START Records shown

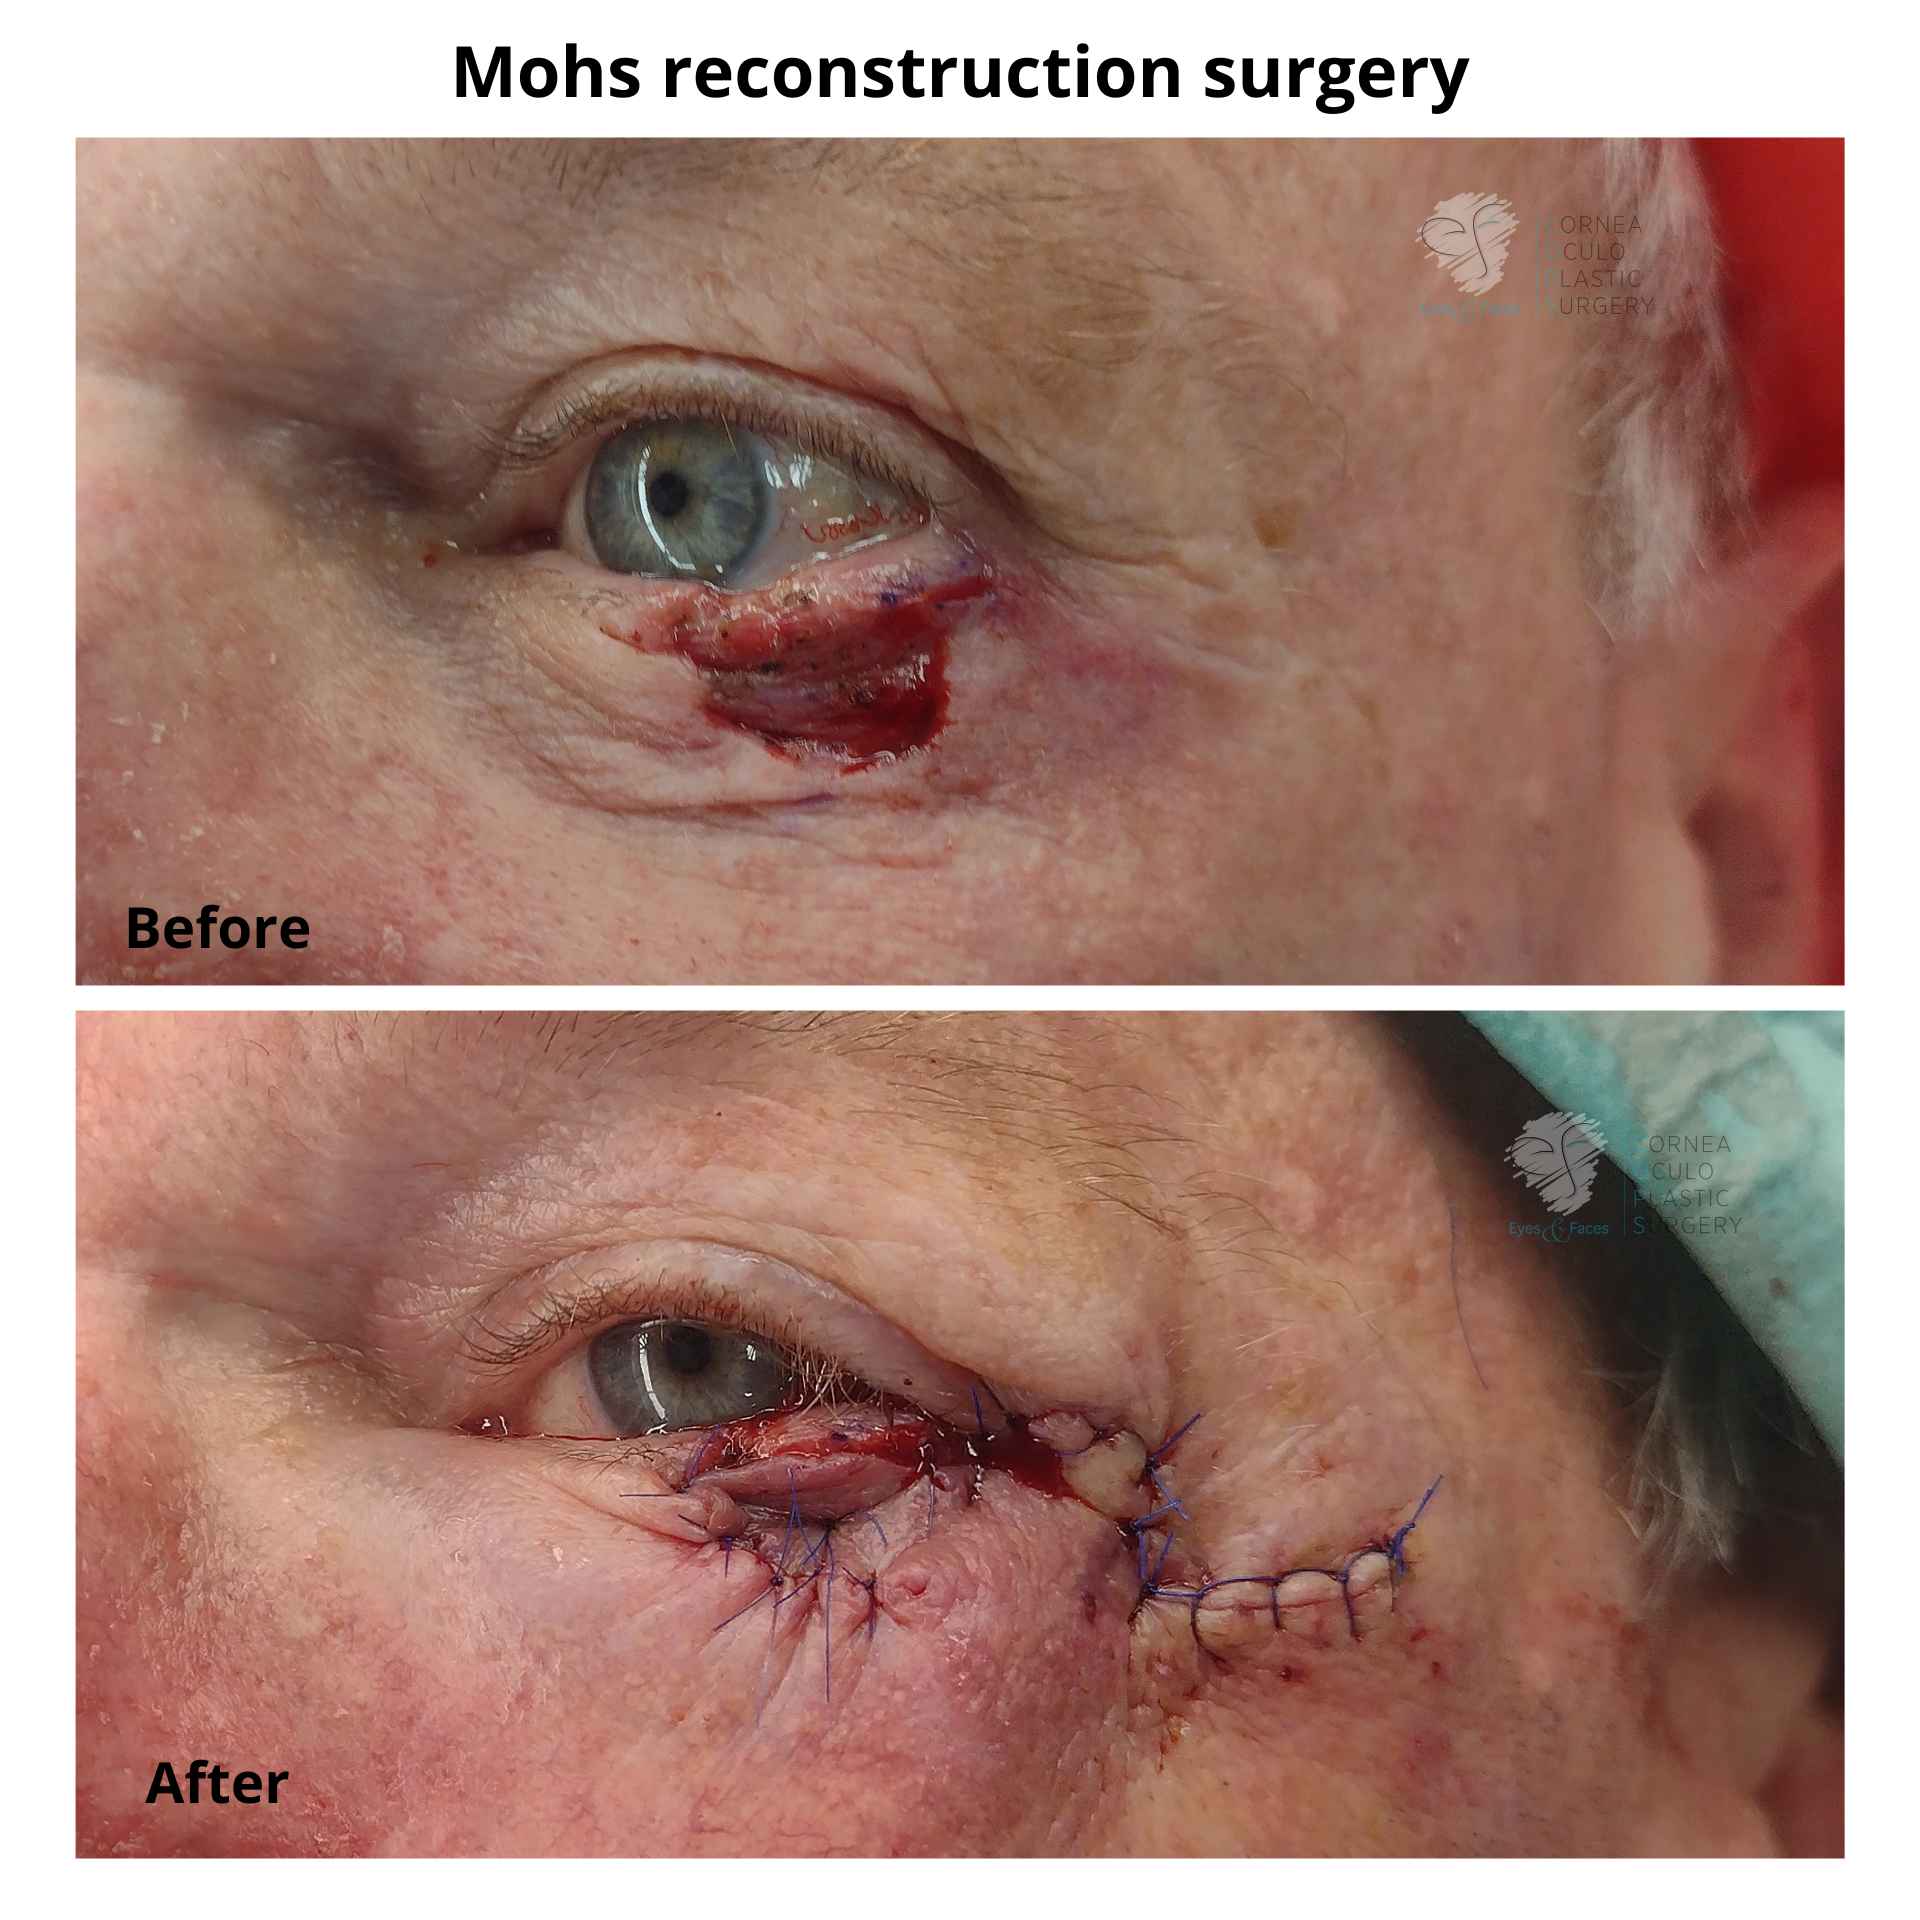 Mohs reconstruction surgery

END Records shown
START Records shown

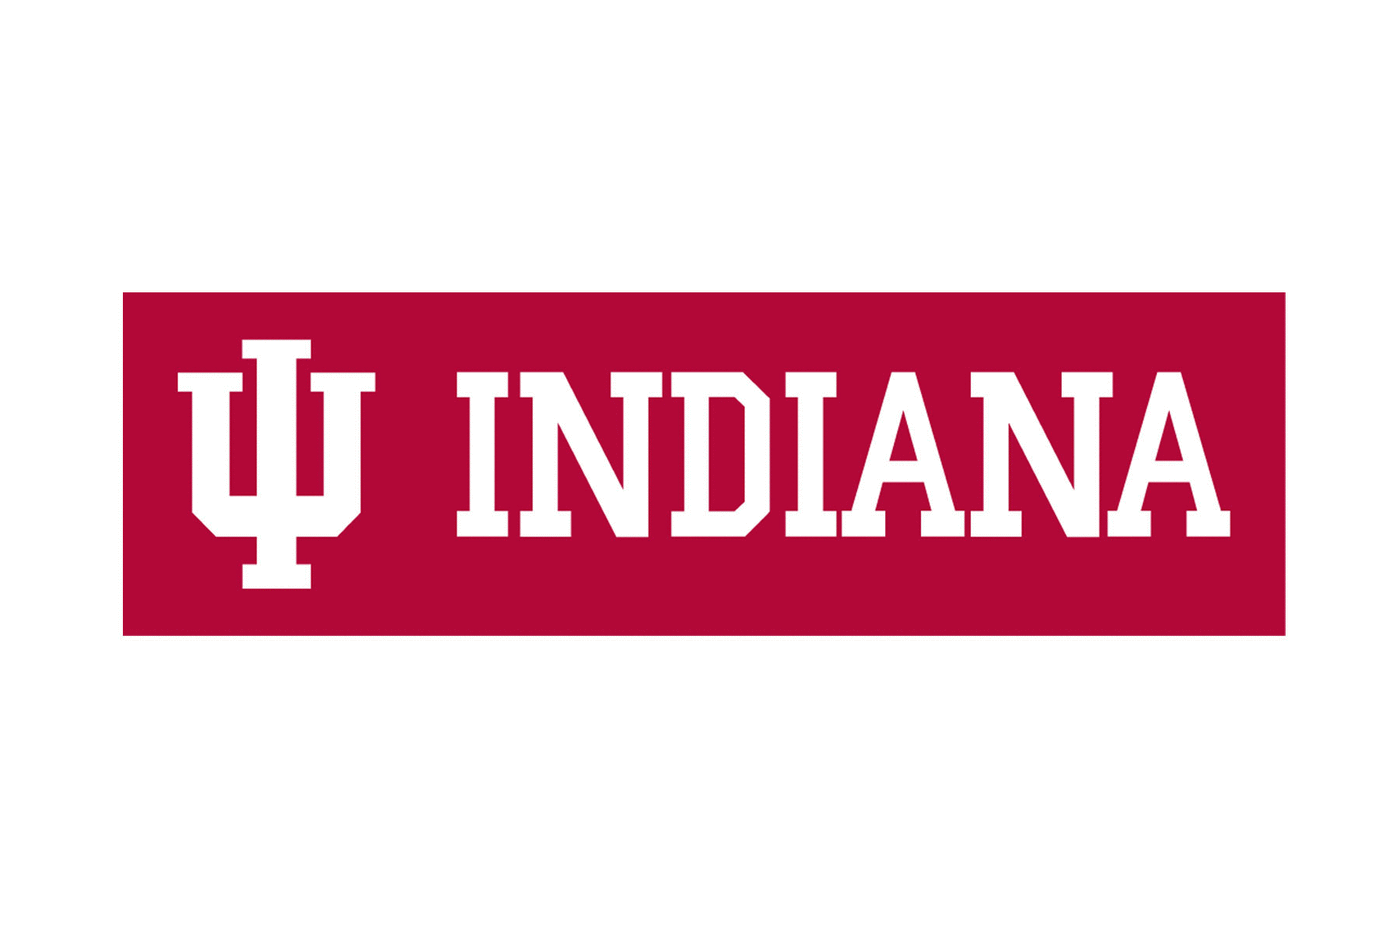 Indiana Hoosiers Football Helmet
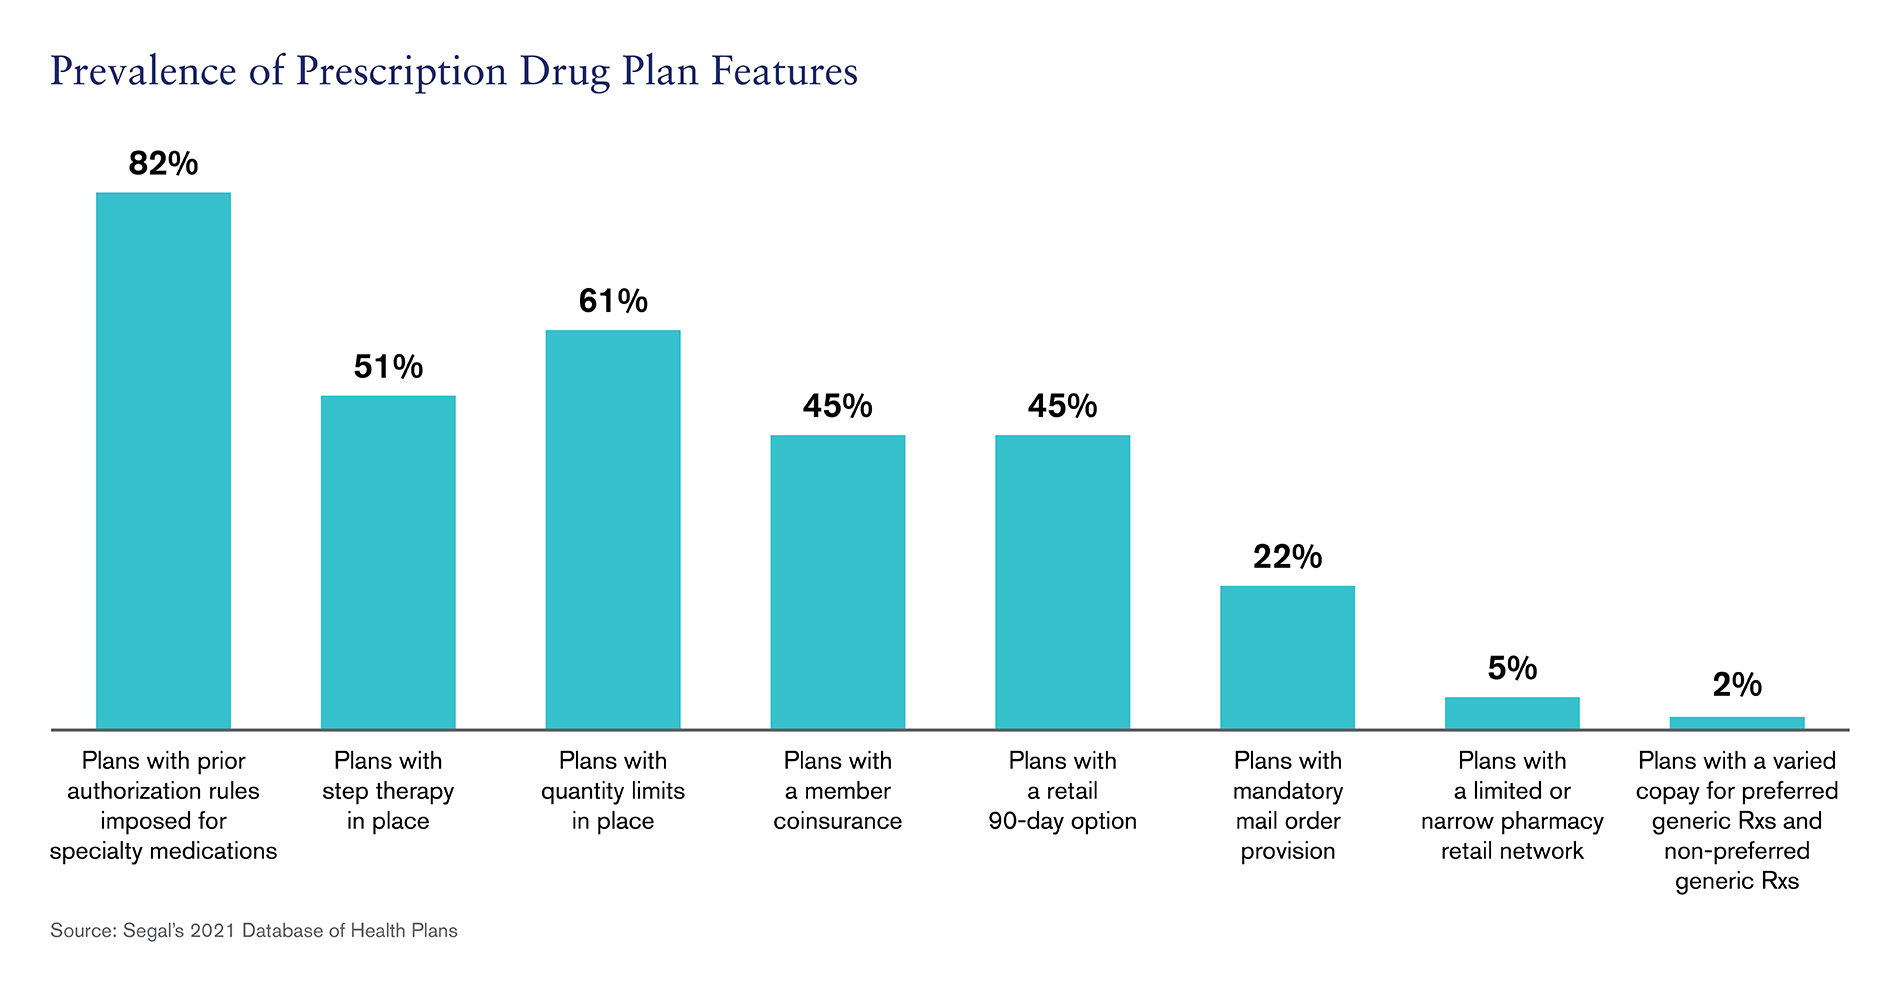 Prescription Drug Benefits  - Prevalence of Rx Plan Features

END Records shown
START Records shown

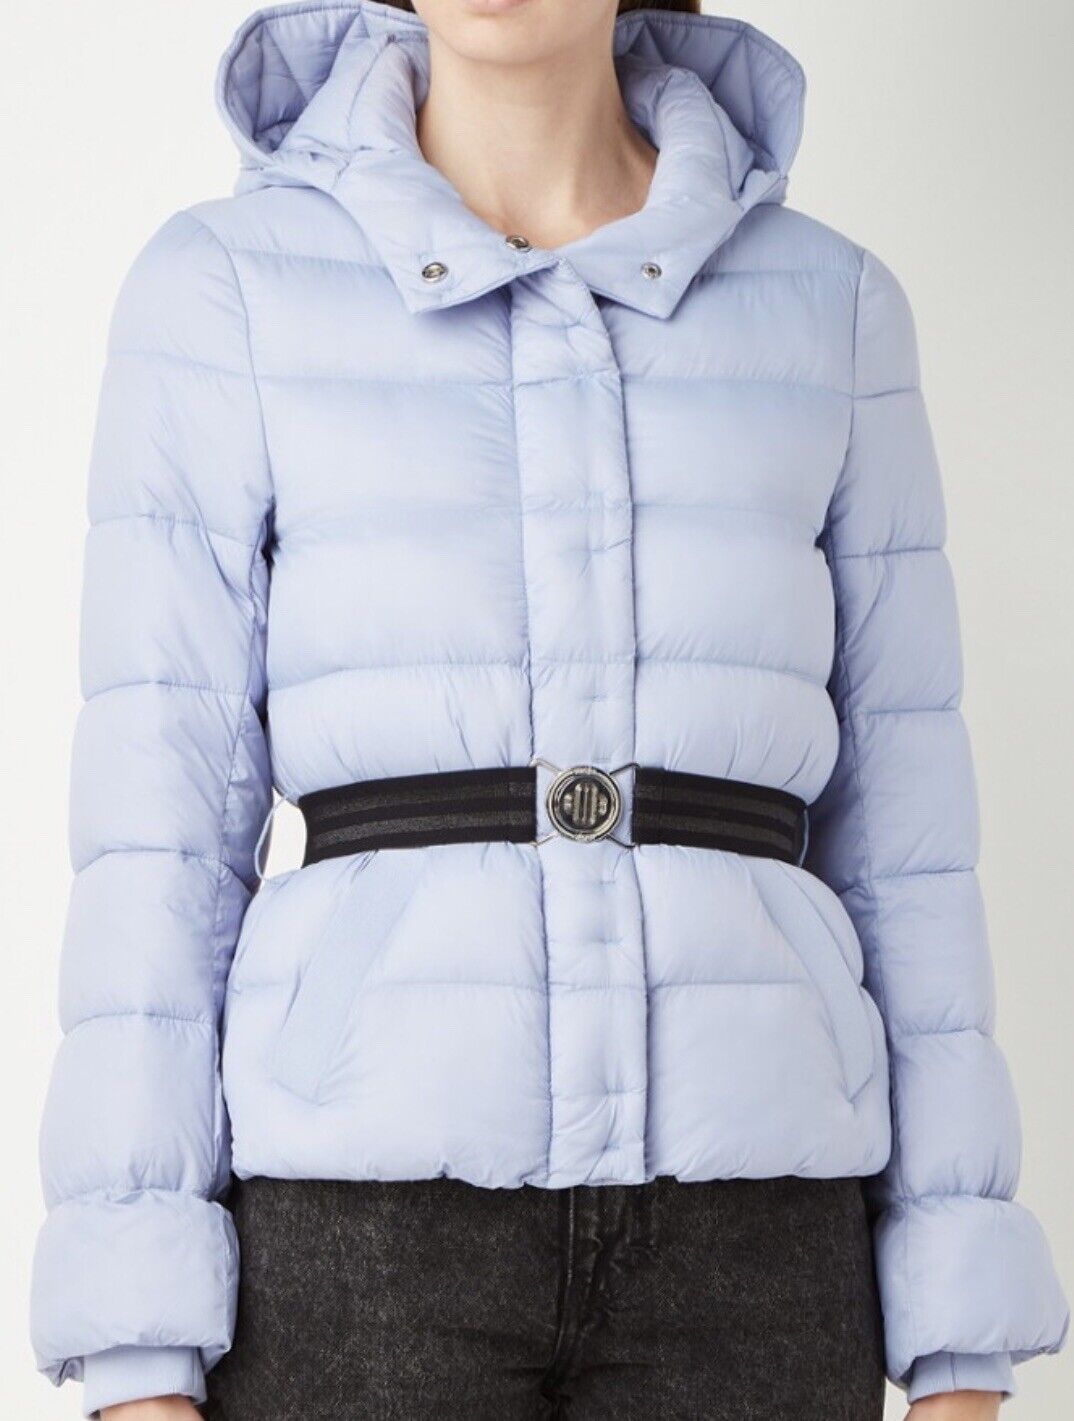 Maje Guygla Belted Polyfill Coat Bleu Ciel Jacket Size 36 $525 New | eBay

END Records shown

Find the line with "Indiana Hoosiers Football Helmet" and the line with "Prescription Drug Benefits" in the records above. Copy both and all lines between them exactly, without pictures.

**Answer to this task**.
 Indiana Hoosiers Football Helmet
 Prescription Drug Benefits  - Prevalence of Rx Plan Features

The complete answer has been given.